Mathematics for Engineers

This module introduces a range of fundamental elementary mathematical techniques that can be applied to mechanical engineering, manufacturing and product design problems.

The aim of the module is to provide engineering students with a base in mathematical knowledge which can then be built on if required in subsequent years, however as a product design student this will be the only maths module you will undertake.

This module includes:

  • The calculus of a single variable, extended to develop techniques used in analysing engineering problems
  • Advanced differential and integral calculus of one variable
  • First-order ordinary-differential equations
  • Algebra of complex numbers
  • Matrix algebra and its applications to systems of equations and eigenvalue problems
  • Functions and their properties
  • Vector spaces and their applications
  • Vector calculus
Programming, Professional and Laboratory Skills

This year long module comprises a number of elements to provide you with:

  • professional engineering, information searching, data analysis, health and safety and oral presentations 
  • laboratory skills and development of house style laboratory report
  • writing and understanding of computer programs including, loops, conditional statements, program flow, functions, basic input output, sound processing, image processing, variables, (1/2D) arrays, advanced plotting and simple computer graphics. 
  • the application of computer code to control mechanical devices as part of a group project. 
  • introduction to professional responsibilities of engineers including the fundamental role of sustainability, legal issues, patents, ethics and standards 
Statics and Dynamics

The aim of this module is to introduce students to fundamental concepts and principles of solid mechanics and dynamics, and their applications to mechanical engineering systems. A wide range of engineering structures and mechanical components need to be designed to support static loads and as an engineer it is important to understand the way in which forces are transmitted through structures for efficient and safe design. This module includes:

  • Static equilibrium: force and moment analysis in design; frictional forces.
  • Stress, strain and elasticity.
  • Bending stresses in beams.
  • Relationship between angular and linear motion.
  • Work, energy and power, including kinetic and potential energy.
  • Geared systems.
  • Static and dynamic balancing.
Thermodynamics and Fluid Mechanics 1

This is an introductory module covering the fundamental concepts and principles of thermofluids and their applications to engineering problems. Topics covered include: 

  • introductory concepts; properties of fluids, equations of state and the perfect gas law 
  • hydrostatics The first and second law of thermodynamics, including heat engines 
  • fluid dynamics: continuity, Euler and Bernoulli equations 
  • processes undergone by closed systems 
  • the steady flow energy equation 
  • momentum flows including linear momentum, friction factors and pipe flows
  • heat transfer
The above is a sample of the typical modules we offer but is not intended to be construed and/or relied upon as a definitive list of the modules that will be available in any given year. Modules (including methods of assessment) may change or be updated, or modules may be cancelled, over the duration of the course due to a number of reasons such as curriculum developments or staffing changes. Please refer to the module catalogue for information on available modules. This content was last updated on Friday 02 September 2022.
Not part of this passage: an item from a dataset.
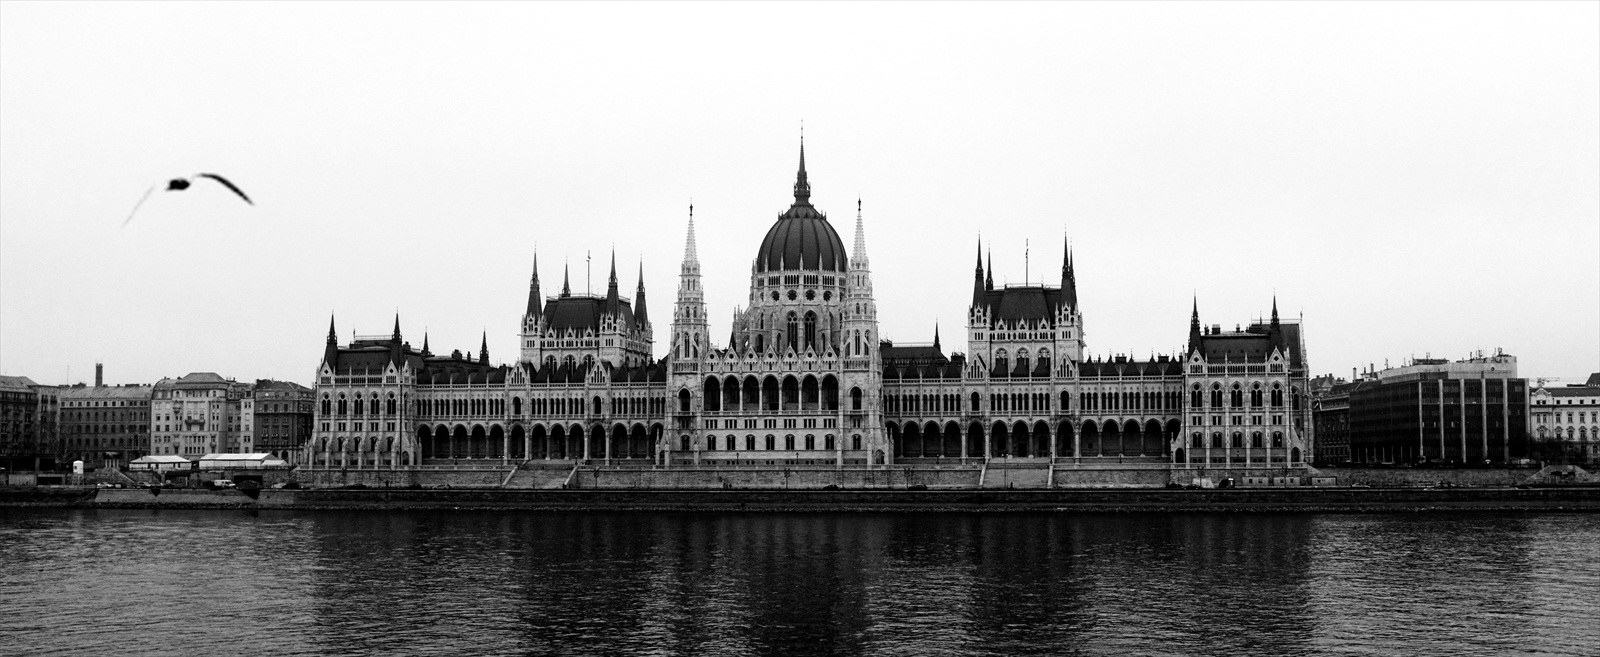 Parliament I

Advanced Mathematics and Statistics for Mechanical Engineers

An aim of this module is that students understand fundamental concepts of complex numbers, in particular to apply them to solutions of polynomial equations.

In addition the course supports them to understand, apply and manipulate standard techniques for solving important classes of ordinary differential equations and the calculus relevant to analysing core engineering models.

Fundamental concepts for solving partial differential equations relevant to modelling of thermodynamic, fluid or elastic problems are introduced and illustrated by obtaining fundamental solutions using techniques developed within the module. The statistics element of the module provides an introduction to probability and statistics, and guides students to apply statistical methods to the analysis of experimental data.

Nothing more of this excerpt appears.